▶ _Prompt_:
After finding "Cherry Blush (DE" in the data, write out its line and all following lines without change, up to and including the last one. Leave out pictures.

▶ _Source data_:
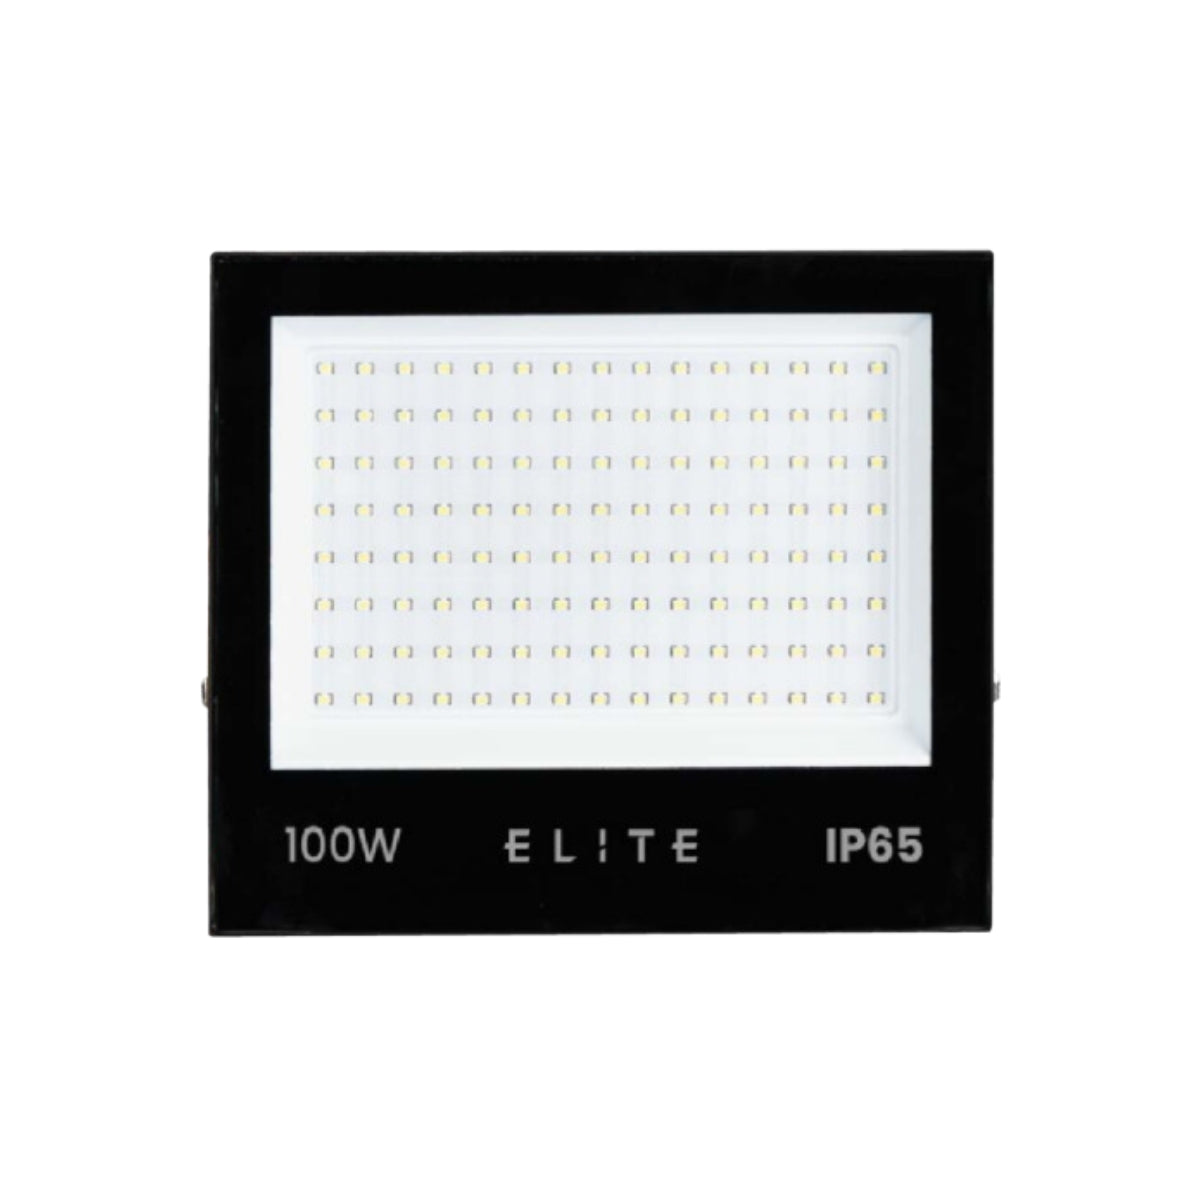 Reflector LED Tableta 100W Luz Blanca 6500K - Elite  IP: 65 Uso exterior  Vatios: 100W  Flujo luminoso: 8000Im  Indice de color: >80  Multipunto SMD   Horas de vida: 25000  ºC Máximos de trabajo -20ºC -50ºC   
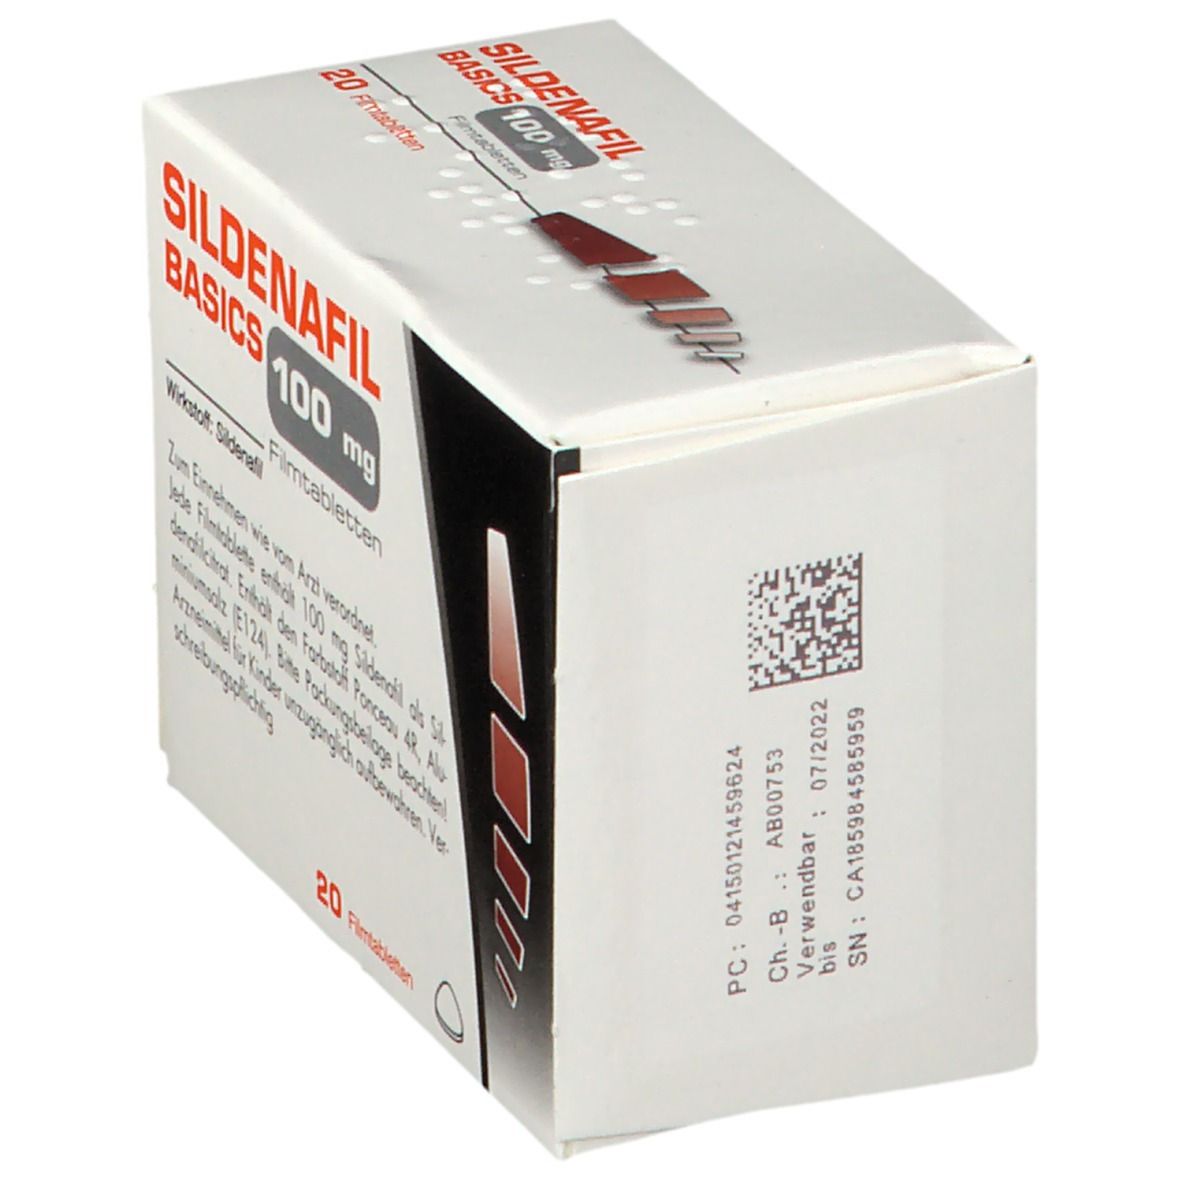 SILDENAFIL BASICS 100 mg
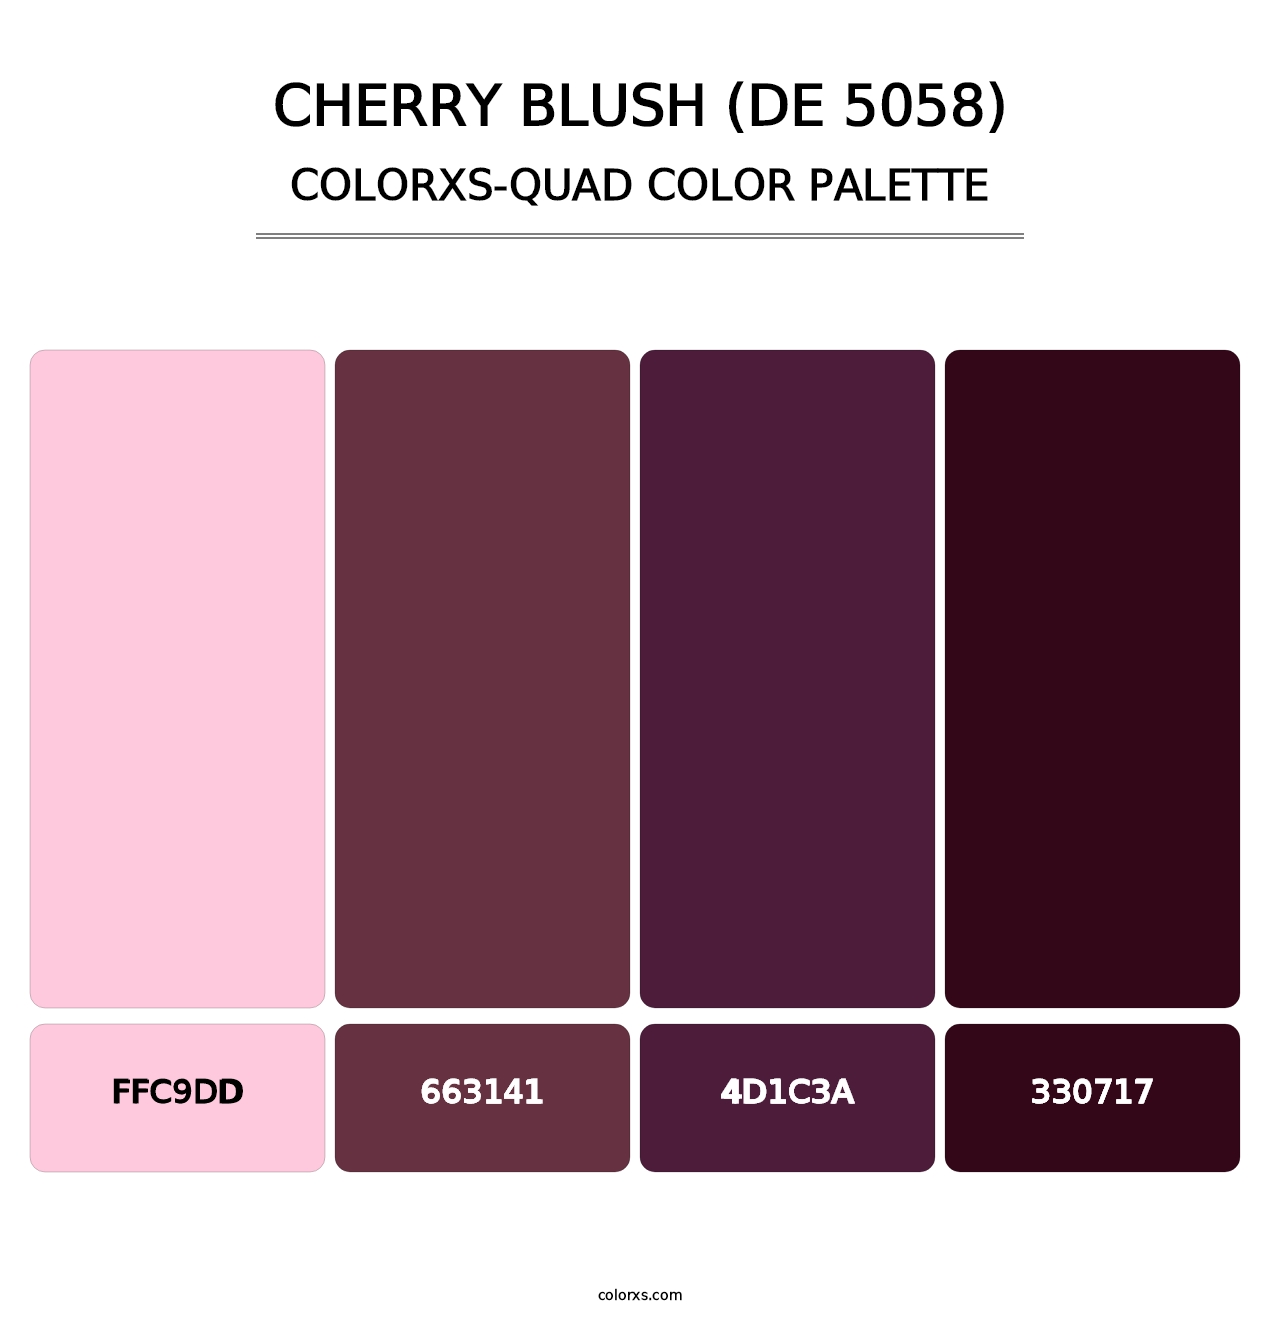 Cherry Blush (DE 5058) - Colorxs Quad Palette
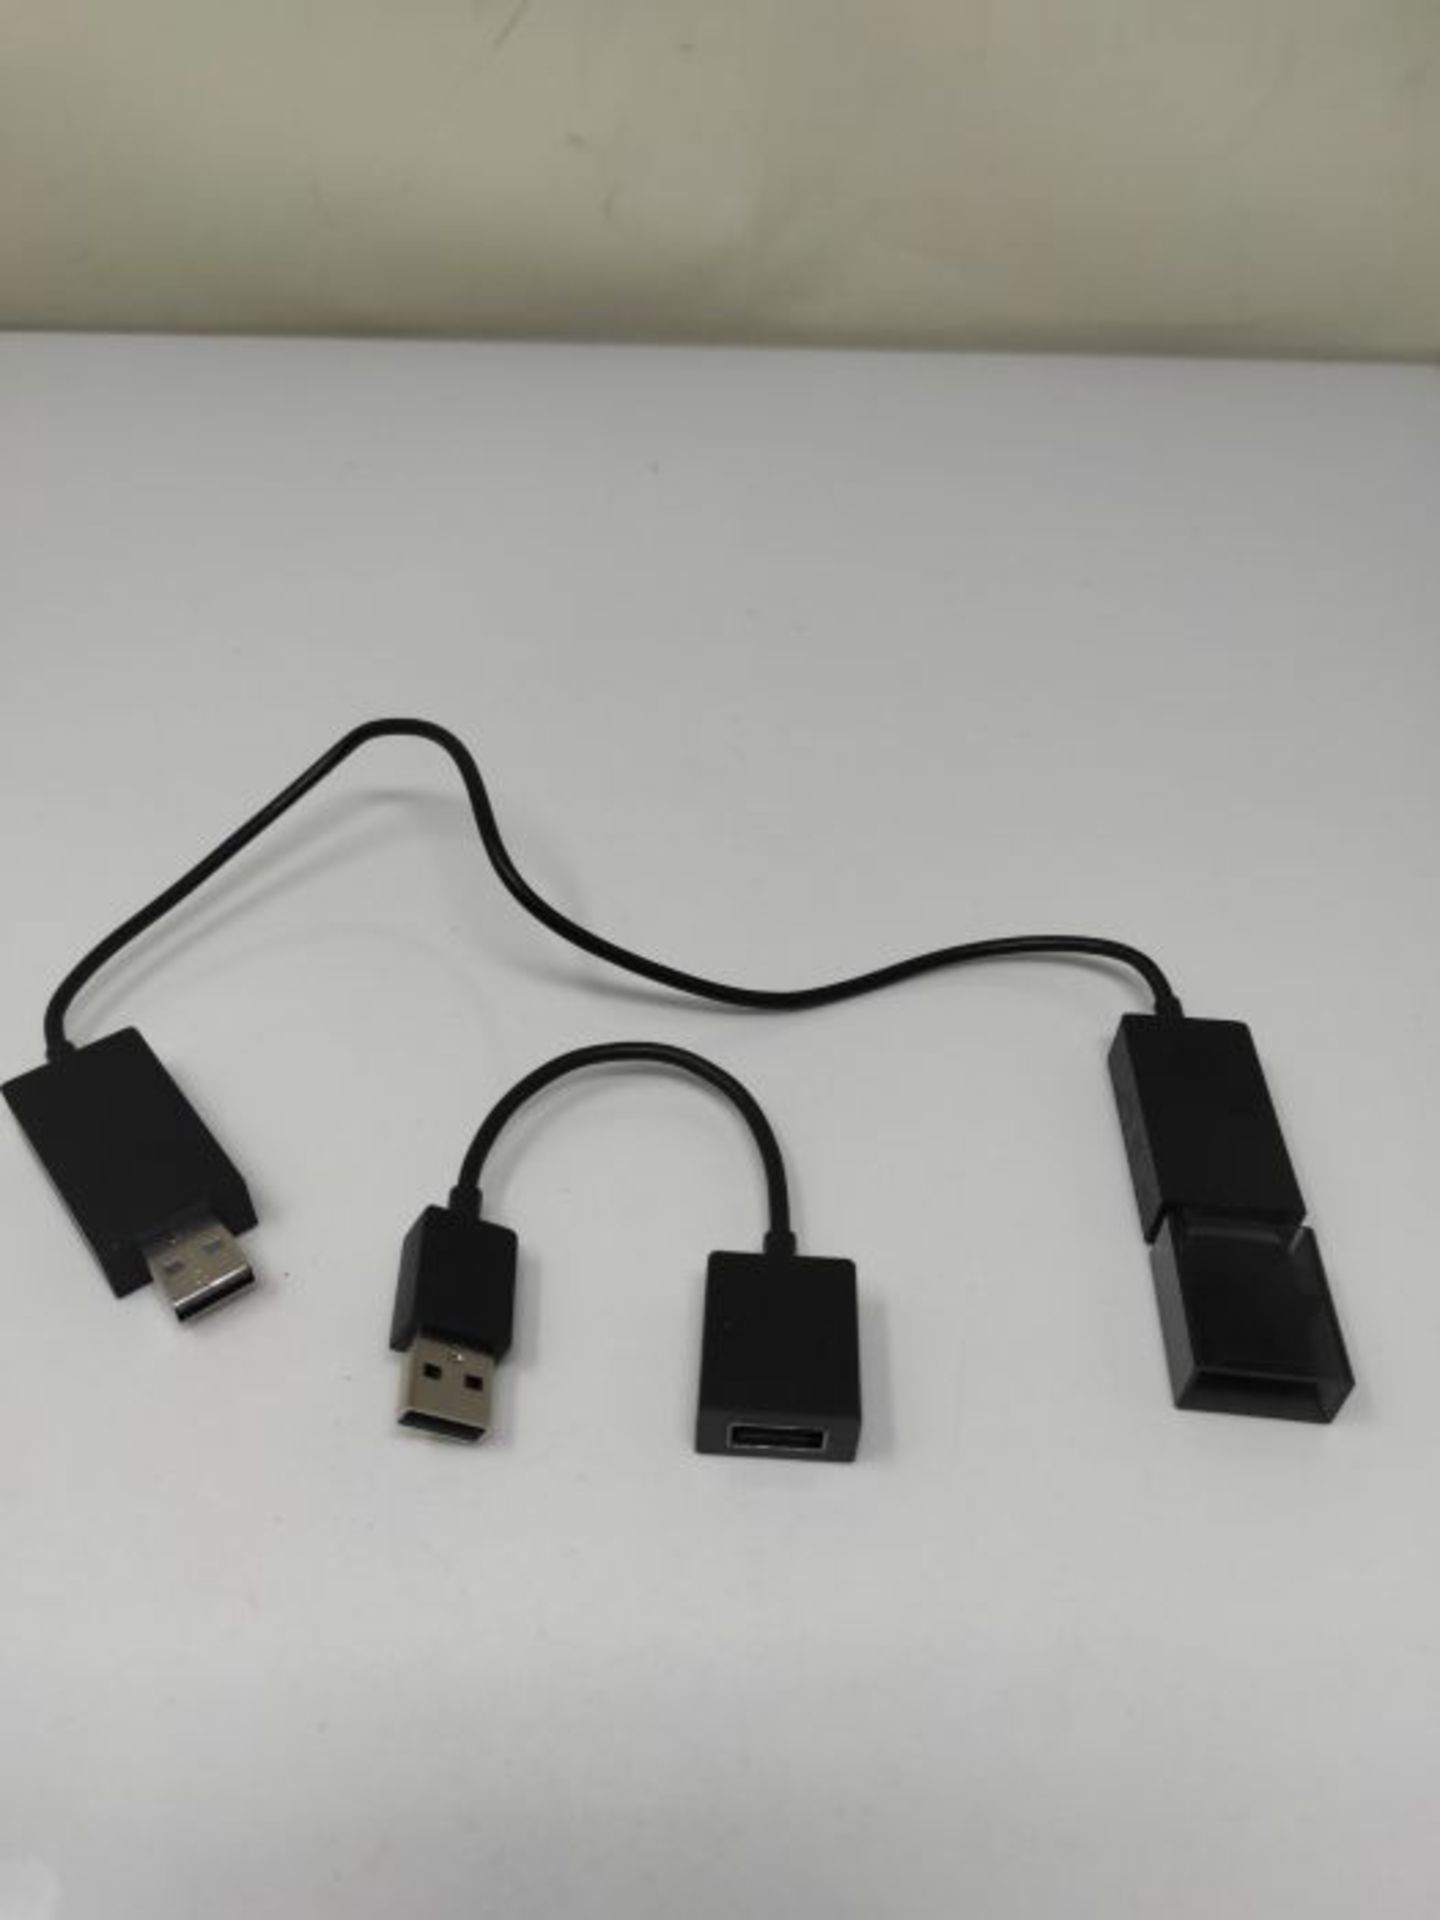 Microsoft Wireless Display Adapter (2. Version, Adapter zur kabellosen Bildschirmüber - Image 2 of 2

▶ _Result_:
 Cherry Blush (DE 5058) - Colorxs Quad Palette
 Microsoft Wireless Display Adapter (2. Version, Adapter zur kabellosen Bildschirmüber - Image 2 of 2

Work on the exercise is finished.